Facebook hosts a star-studded Diana Award Anti-Bullying School Showcase on Tuesday 9th July, to celebrate young people across the UK who are working together to tackle bullying within their schools, supported by The Diana Award and Facebook.
Bringing together policy makers, MPs and celebrities, the event will showcase the work of students and schools who have adopted The Diana Award’s Anti-Bullying Ambassador Programme, a training programme offered to every school in the UK to train young people to provide peer-to-peer support and stand up to bullying.
The event will offer first-hand experiences of how The Diana Award’s Anti-Bullying Programme engages young people to take the lead and tackle bullying in their schools and communities, as well as promoting the safe use of the internet and tackling cyberbullying.
Secretary of State for Digital, Culture, Media and Sport, Jeremy Wright and Vice President of Facebook EMEA, Nicola Mendelsohn will be speaking and participating in a panel discussion, chaired by a student from the Diana Award Anti-Bullying Ambassador Programme.
Alex Holmes, Deputy CEO of The Diana Award, said:
“Thanks to the ongoing support of The Department for Education and more recently Facebook, we are working hard to ensure that bullying doesn’t prevent young people from leading happy, safe and successful lives.
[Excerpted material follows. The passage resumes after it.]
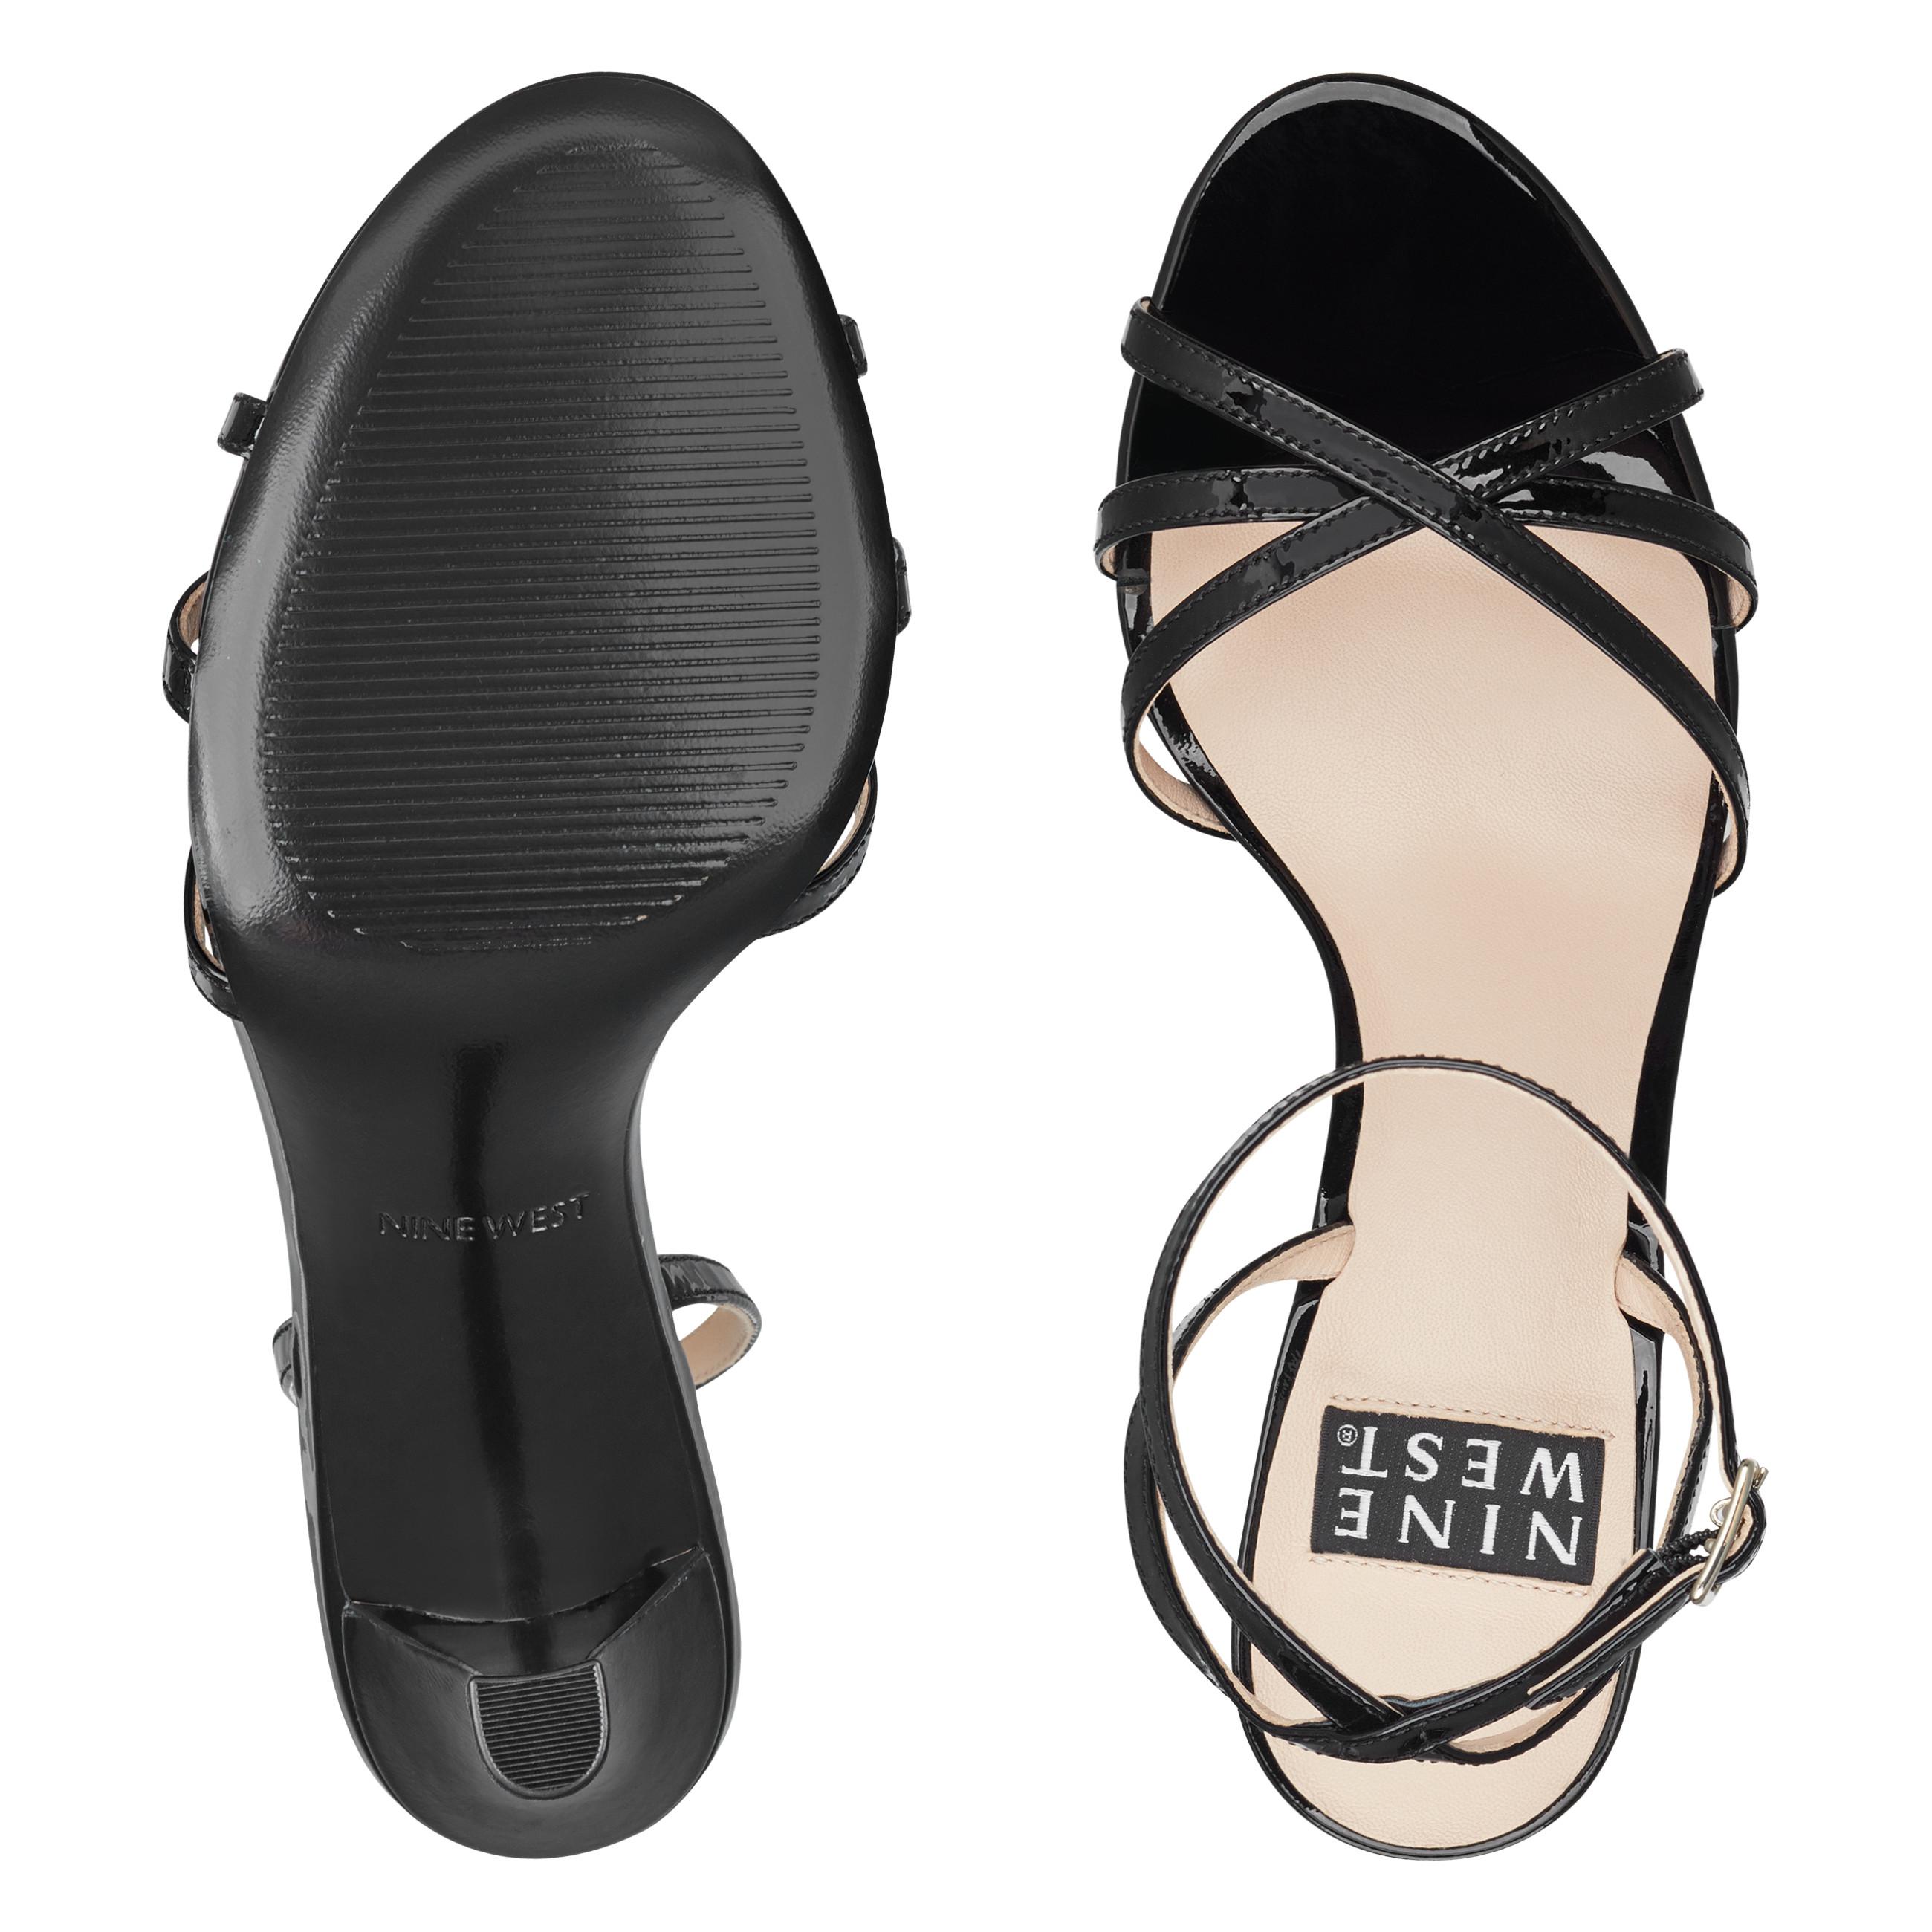 Nine West Frindor Strappy Sandals in Black Patent (Black) - Lyst

We know that bullying remains the number one concern of young people with the majority of bullying behaviour starting in school and that’s why we are proud to have enabled 770 new schools along with 9,120 pupils learn the skills to keep themselves and their peers safe online and offline. We are now urging more secondary schools across the UK to sign up to this programme.”
Secretary of State for Digital, Culture, Media and Sport, Rt Hon Jeremy Wright QC MP, said: “The Diana Award’s Anti-Bullying Ambassadors are doing some great work to help stamp out bullying both online and offline. This partnership with Facebook is helping to reach even more young people by giving them the tools they need to stay safe. The Government is playing its part too. Alongside direct support for anti-bullying organisations, our world-leading plans for online harms regulation will further tackle cyberbullying and make online spaces safer for young people.”
The Diana Award was established for young people in memory of Princess Diana and is supported by her sons, the Duke of Cambridge and the Duke of Sussex. The showcase event is designed to demonstrate how anyone can stand up to bullying through the incredible work of The Diana Award’s Anti-Bullying Ambassador Programme, which has been supported by Facebook since March 2018 to help the charity extend the reach of its programme. Since working with Facebook, the programme has reached 770 schools with 9,120 young people trained in anti-bullying tactics.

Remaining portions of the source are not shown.